If you have customised this for a different topic, you'll also need to make sure that it hasn't gone into a repetitive loop. This sometimes happens if your topic is very niche and the number of questions you've asked for exceeds the likely knowledge base of the LLM. In these cases, try reducing the number of questions.

Step 2: Train the model

Run this script:

python3 ./train_classification_model.py

By default this will use Qwen3-1.7B. You can use any model that you prefer from Hugging Face. So far this has been tested on:

Model Speed Accuracy Notes
Qwen3-0.6B Very fast Good Best for low-resource environments, but accuracy drops on edge cases
Qwen3-1.7B Fast Excellent Recommended starting point - best balance of speed and quality
Qwen3-4B Moderate Excellent Diminishing returns over 1.7B for a simple classifier
Qwen3-8B Slow Excellent Overkill for guardrail use, but works well if you have the hardware

THIS SCRIPT WILL TAKE A LONG TIME

The more questions you train it on, the slower it takes. I'm using 8,000 questions here - if your topic is very niche then this might be too many, but for a broad topic it should be easy.

The output will be in the finetuned directory. You don't need to do anything with these files.

What is LoRA? The training script uses LoRA (Low-Rank Adaptation) finetuning. LoRA is a parameter-efficient finetuning (PEFT) technique that adapts large pre-trained models to specific tasks by training only a tiny fraction of their parameters. Instead of updating all billions of weights in a model - which is slow and memory-intensive - LoRA "freezes" the original weights and adds small, trainable "adapter" matrices to specific layers. This is why you can train a guardrail model on a personal laptop.

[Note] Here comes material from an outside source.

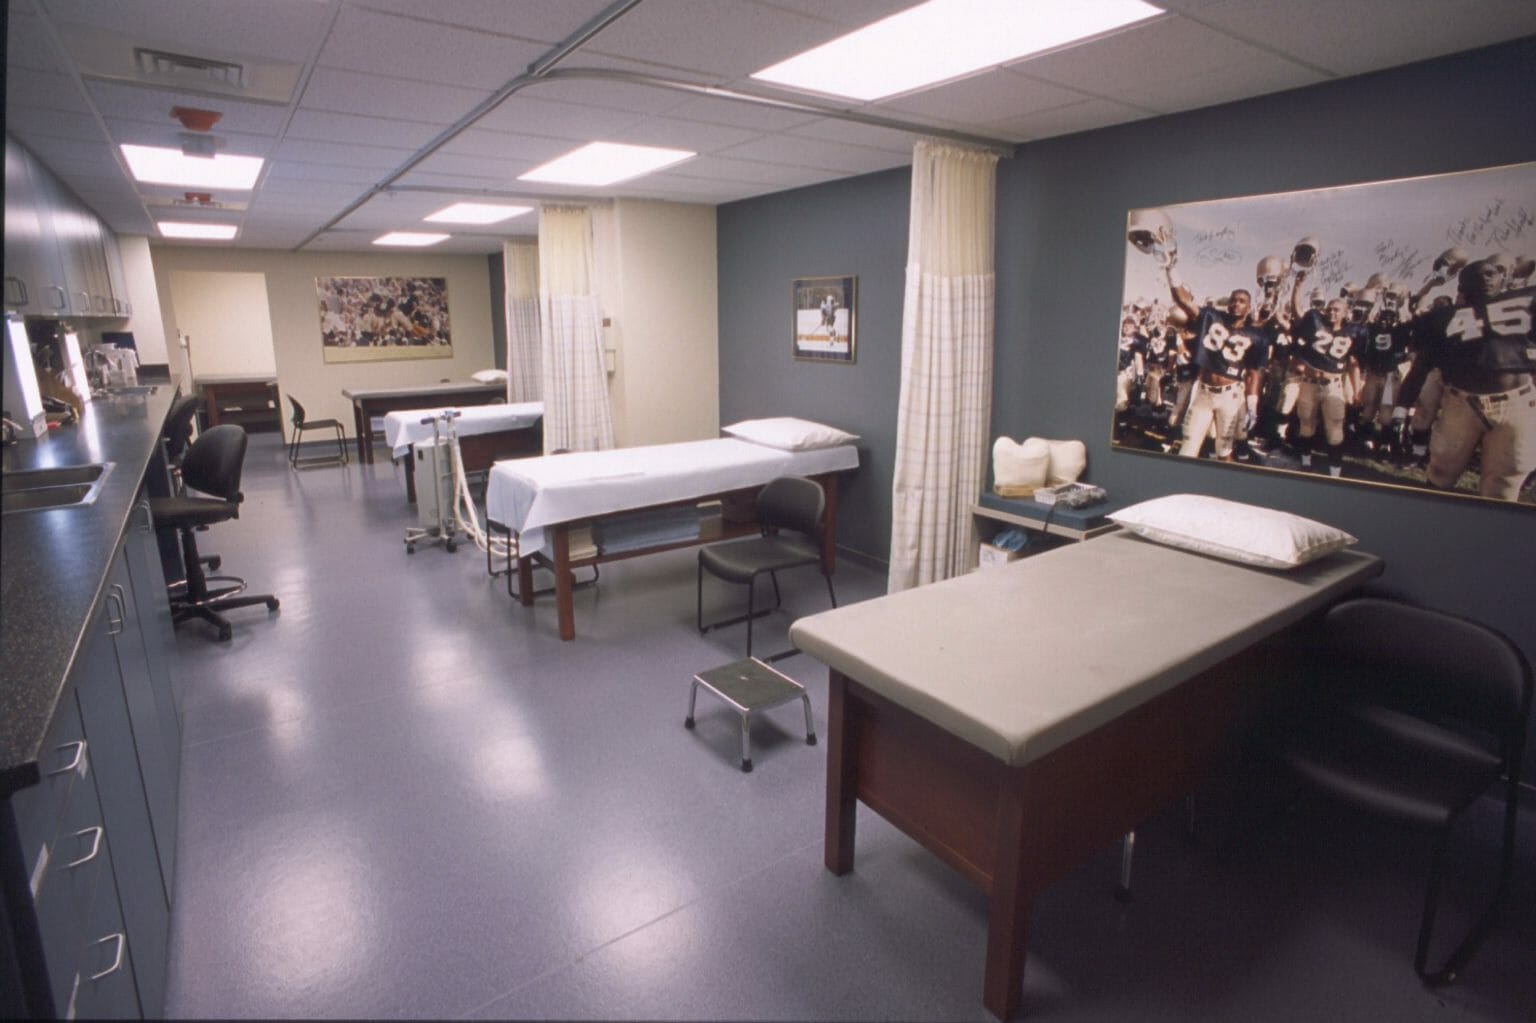 Room with multiple patient beds that are seperated by curtains with sport-related wall décor

Step 3: Upload to Hugging Face

Technically you don't need to do this, but the alternatives will require you to build the model locally and move the resulting file around which can be hard work, especially if you've used a multi-billion parameter model. Uploading it to Hugging Face is nice and tidy, but you will need a Hugging Face account.

Run the upload script, and provide your username and preferred repository name for your new guardrail model. If the repository name doesn't exist, it will be automatically created.

By default, your model will be private and not visible to anyone else.

python3 ./huggingface_upload.py

Congratulations! You have now created a guardrail model!

Part 2: Create a chat interface

Now you can put this guardrail into a fully working demo.

Go back to the main directory, and run this command:

python3 ./api_server.py

You'll need to provide the model name you want to use, which is presumably the model name you uploaded to Hugging Face in the previous step. It will look something like [your_username]/[model_name] which you can also see in the Hugging Face URL for your model repository.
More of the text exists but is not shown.